In the present epidemiologic study, 2,055 patients participated who were diagnosed with SARI or COVID-19 and were hospitalized between January 21 and May 2020. The present research revealed that 181 (53.6%) COVID-19 patients were male, and 157 (46.4%) were female. Among SARI patients, these percentages were 52.9 and 47.1%, respectively. No statistically significant correlation was found between gender and the disease. The proportion of male to female participants afflicted with COVID-19 and SARI was 1.15 and 1.12, respectively, which is consistent with the related literature. In a study in China, men showed to be infected more than women (7, 15, 16). This is in line with the SARS and MERS research findings (17). Because the genome sequence of SARS-CoV-2 includes 79% of the SARS-CoV sequence, similar findings can be quite well expected (18). The above-mentioned results might indicate that men experience a more severe condition of the disease (19).

The present findings showed that 3.8% of COVID-19 patients were intubated. In China, almost 3.2% of patients with COVID-19 required intubation and invasive ventilation at certain stages of the disease, which agrees with the present findings (20). Moreover, in some research in China, 20% of patients were intubated. This inconsistency might be because the research was conducted on deceased cases (21).
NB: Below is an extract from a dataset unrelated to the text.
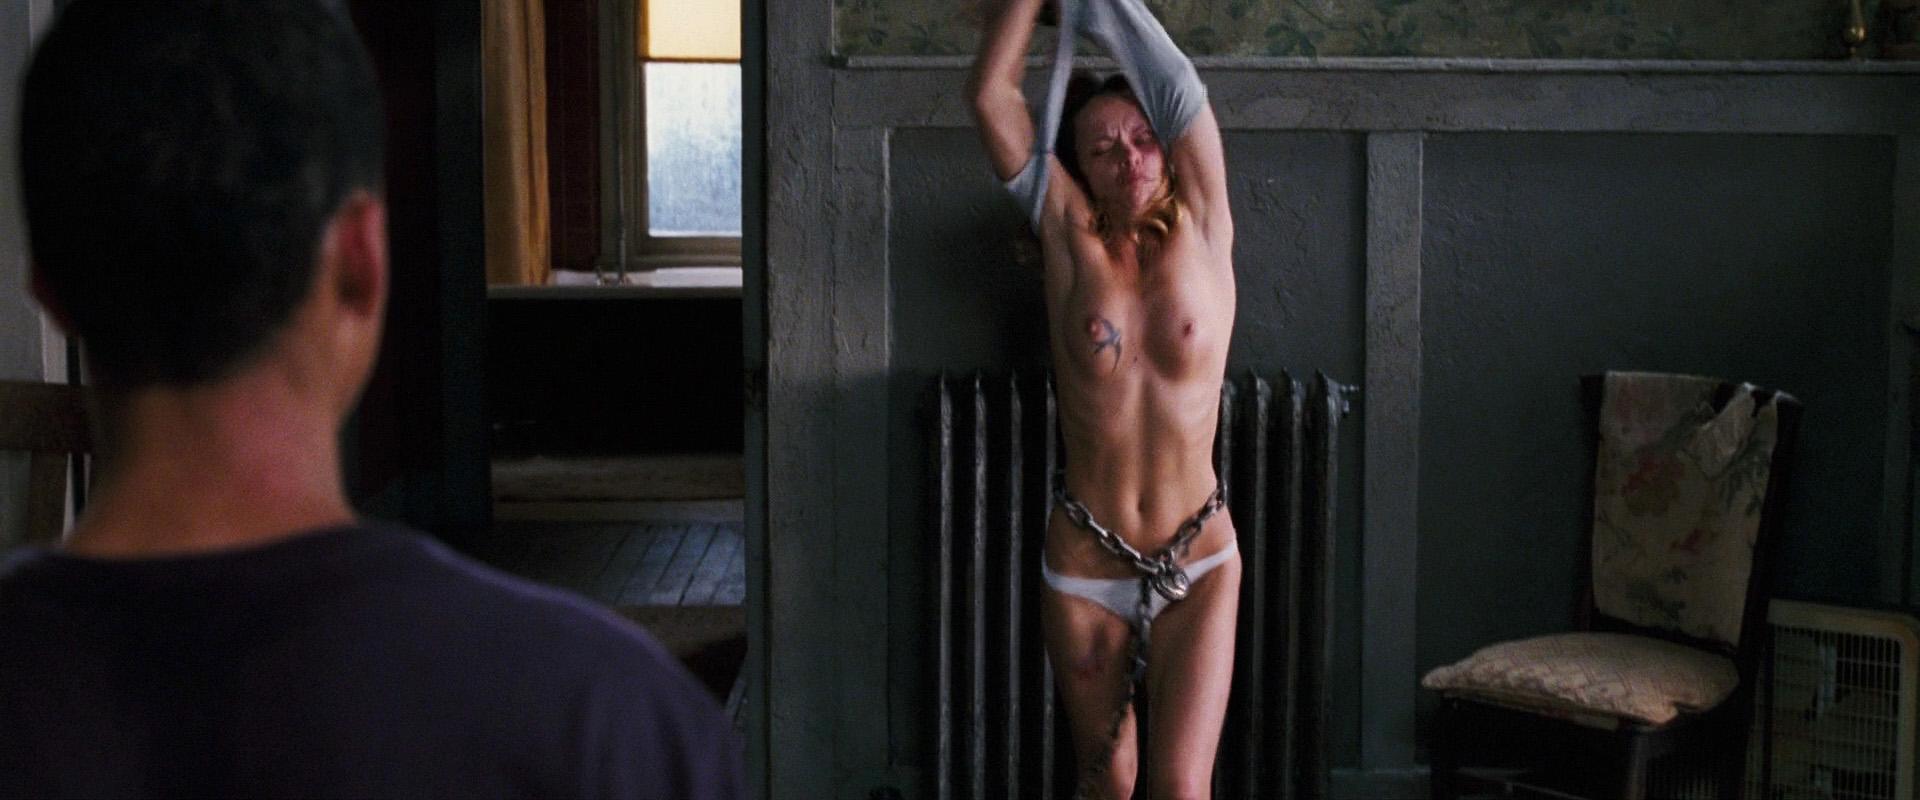 Hot nude ass sex

The present research showed that the 31 - 40 age group and the 91 - 100 group comprised respectively 21.7% and .6% of the patients (i.e., the maximum and minimum rates). This is consistent with research carried out in the U.S. (22). However, in a study by Chen in Wuhan in China, the highest rate belonged to the 50 - 59 age group, which is not consistent with the present findings (23). It appears that the findings are well predictable according to the age distribution of these groups. A vast majority of school and university students are below 30 years of age, and social distancing is adhered to much more strictly in schools and universities (if not already closed). That is why the prevalence of the disease is lower in this age group. People between 31 and 40 years of age work outside the home and are thus more at risk. Furthermore, in the age group above 91 years, who are more at risk, there are more and more public warnings, and thus, the rate of the disease is lower among them.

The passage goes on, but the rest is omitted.